An important point to understand is that the round trip through the API,
into the driver and back out again for this immediate mode path can
often be counted in tens of instructions.  State of the art OpenGL
implementations often do runtime code generation to implement these
paths, resulting in a very lightweight driver backend for this part of
the API.  Clearly, the dispatching mechanism becomes a significant
percentage of the total number of cycles here, and thus we want it to be
as efficient as possible.

It is worth noting that the Microsoft Windows implemenation of OpenGL
for x86 has dedicated space in its per-thread data structures for things
like the current context and dispatch table, so anything more than the
above two instructions for the top-level entrypoint will put GNU/Linux
at a disadvantage compared with that platform.

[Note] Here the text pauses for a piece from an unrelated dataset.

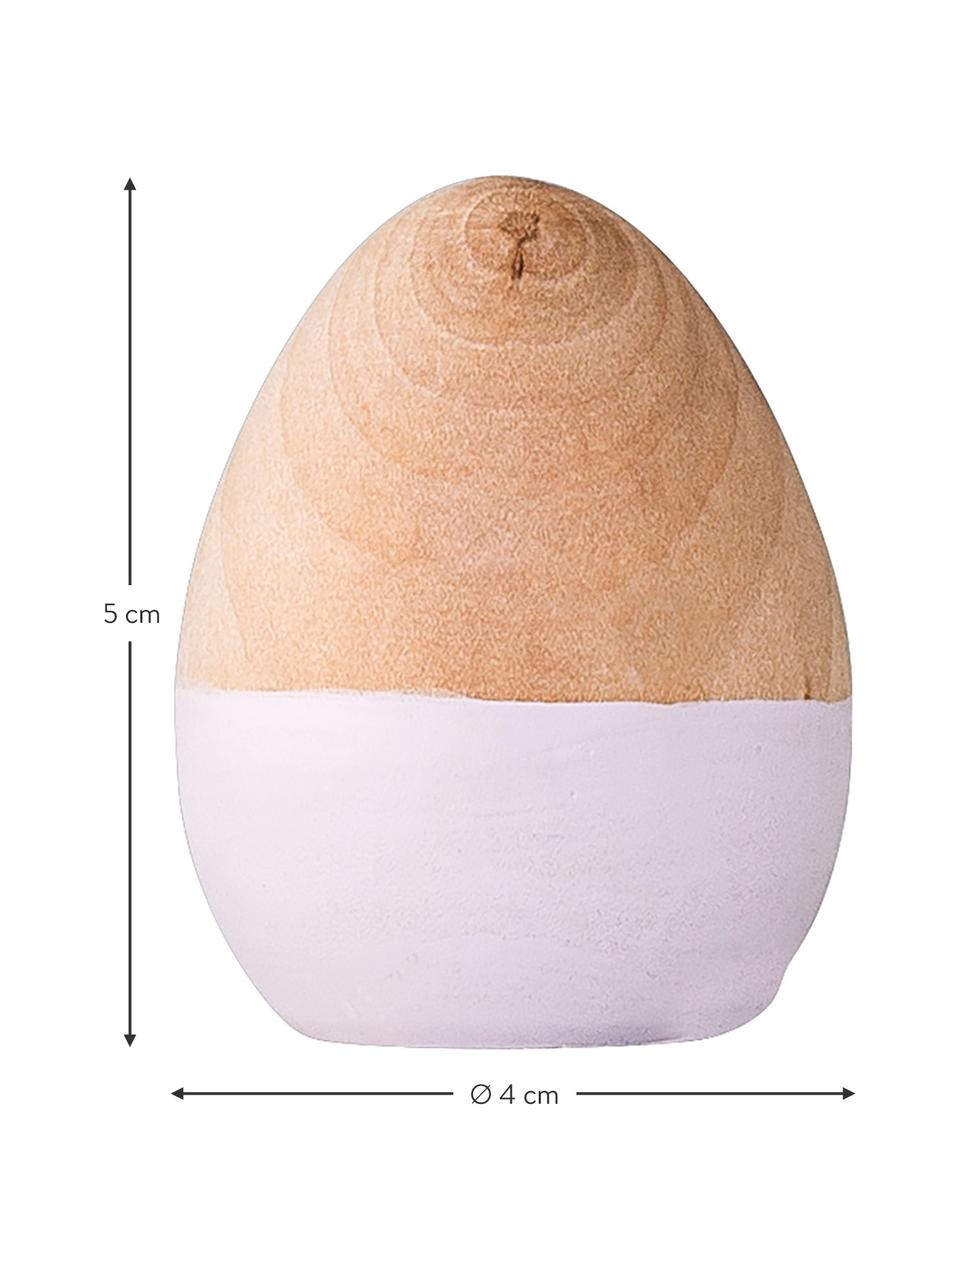 Jajo dekoracyjne Nature, Brzoza, Jasny brązowy, biały, Ø 4 x W 5 cm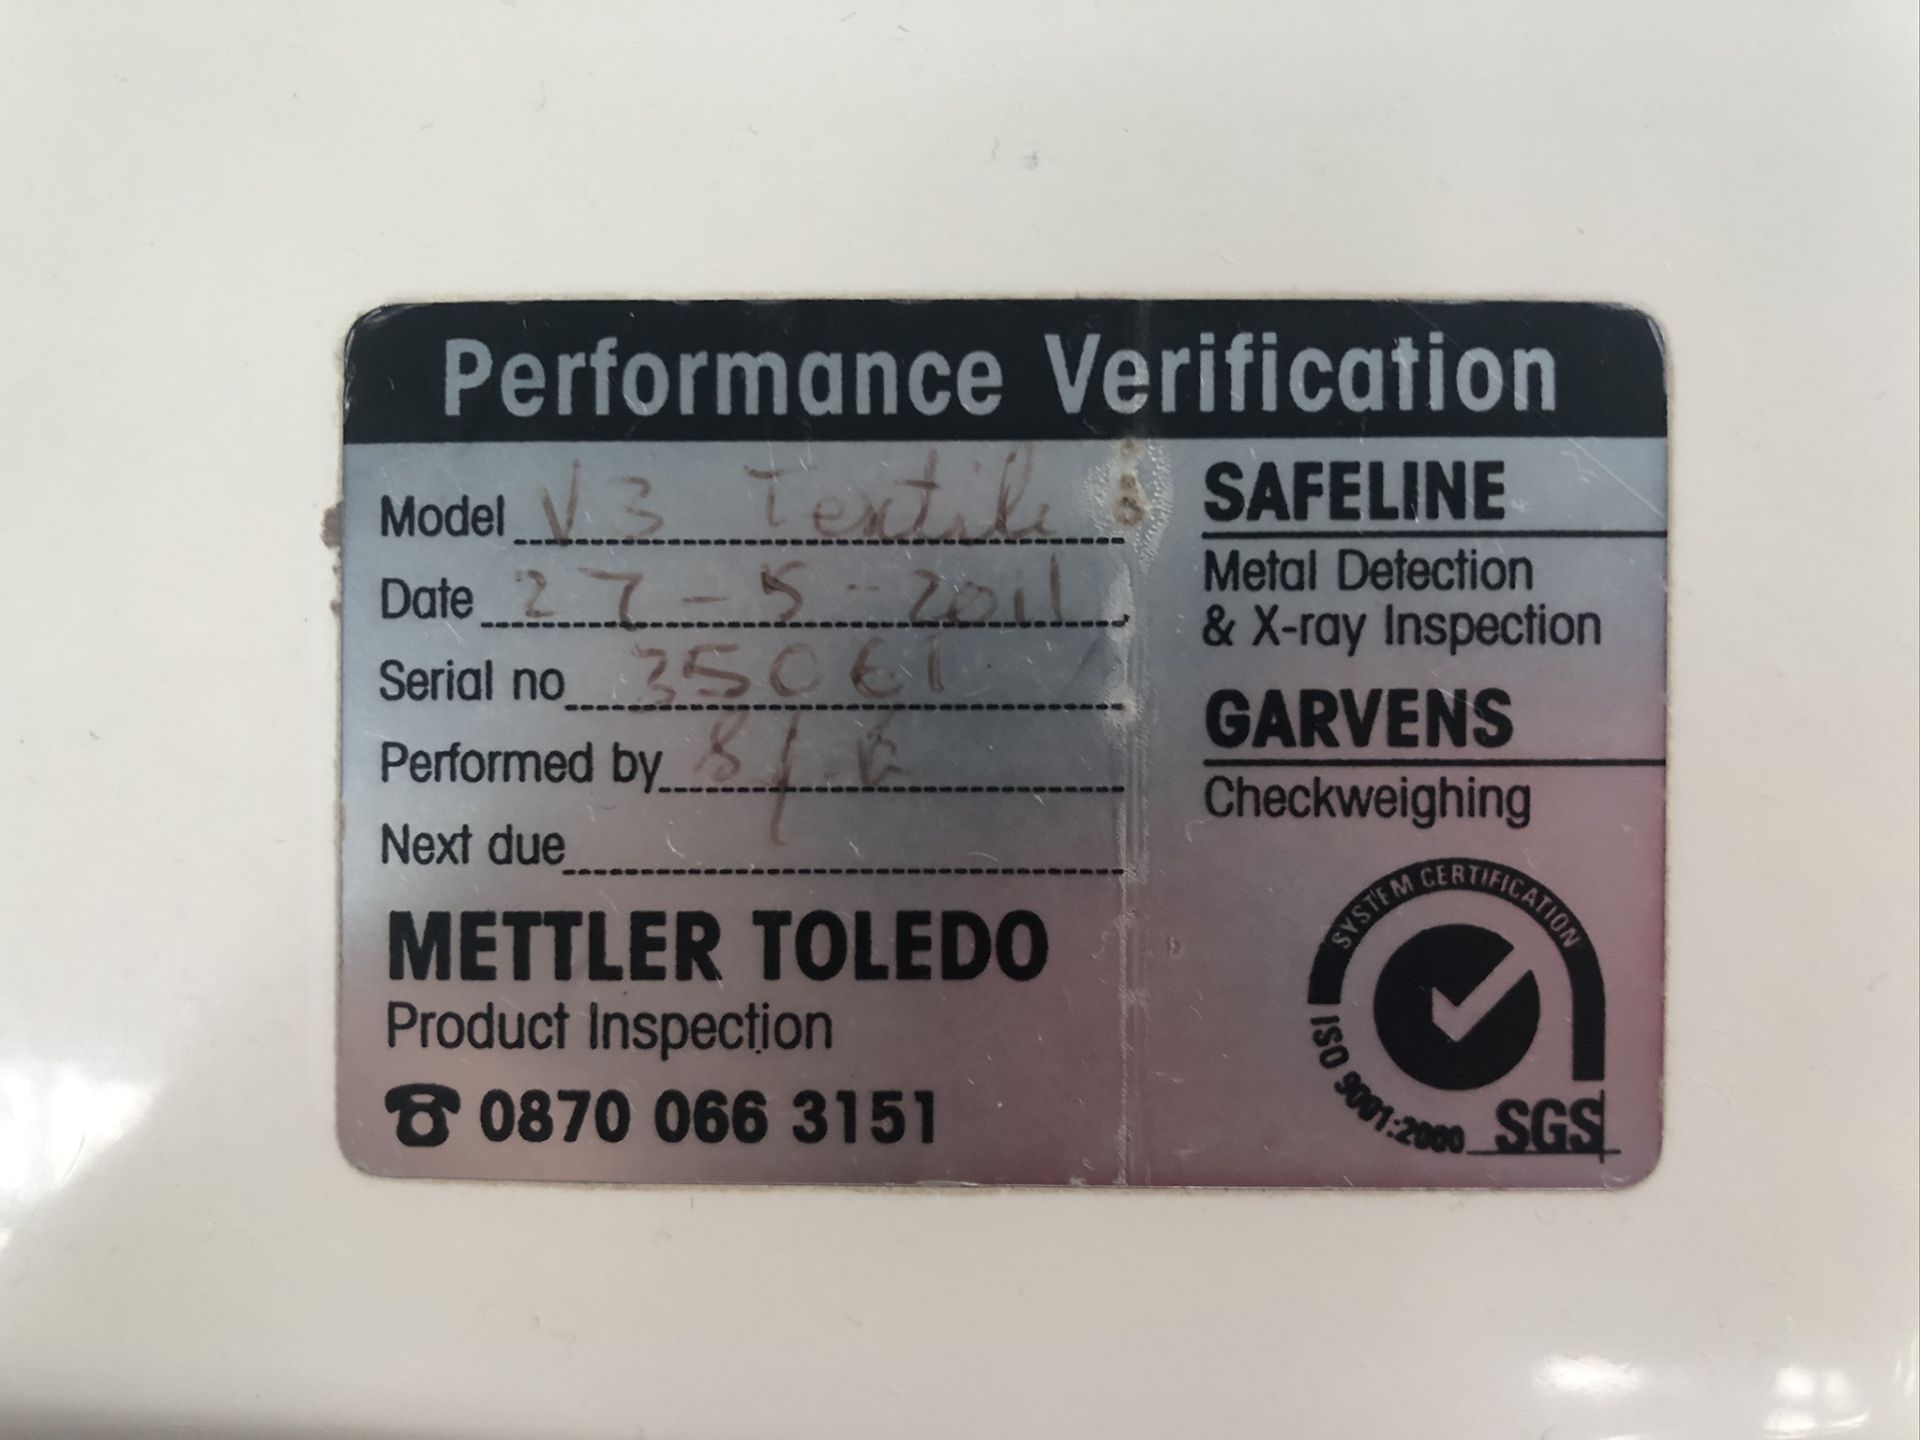 Mettler Toledo Safe Safeline V3 textile metal detector - Image 5 of 8

For ease of implementation and delivery of a libGL that makes use of
these features, I propose we add the libGL-specific thread local storage
area in the space reserved for the p_header field at the start of the
structure, like so:

     enum __libGL_tsd_key_t {
       _LIBGL_TSD_KEY_CONTEXT = 0,
       _LIBGL_TSD_KEY_DISPATCH,
       /* leave room for vendor-specific data */
       _LIBGL_TSD_KEY_N = 8
     };

     struct _pthread_descr_struct {
       union {
         struct {
           void *tcb;
           union dtv *dtvp;
           pthread_descr self;
         } data;
-       void *__padding[16];
+       void *__padding[8];
       } p_header;
+     void *p_libGL_specific[_LIBGL_TSD_KEY_N];

       pthread_descr p_nextlive, p_prevlive;
       pthread_descr p_nextwaiting;
       pthread_descr p_nextlock;
       ...
     };

This allows us to provide this functionality in libGL on all glibc-2.2
systems.  glibc-2.1 can also be supported on x86 (given a functional
kernel), as these versions did not use the segment registers for
pthread_descr access.  Given the importance of "free" thread local
storage to an OpenGL implementation, I believe this change is warranted,
even though it may not be the one chosen if the pthread_descr structure
was being designed from scratch.

The recent advancements in glibc's support for automatic thread-local
storage using the __thread keyword (as described in Ulrich Drepper's
To-Do list for glibc-2.3 under 'Implement TLS in dynamic linker',
http://people.redhat.com/drepper/todo-2.3.html) are encouraging, and
some may suggest that using this support would be more appropriate.
However, the additional pointer dereferences to access these new
thread-local storage areas will always be slower than the direct access
scheme proposed above.  Also, it will be some time before this system
is widely available, where the changes proposed above are binary
compatible with all glibc-2.2 releases.

-- Gareth

PS - I am not subscribed to libc-alpha, so please CC me on any replies.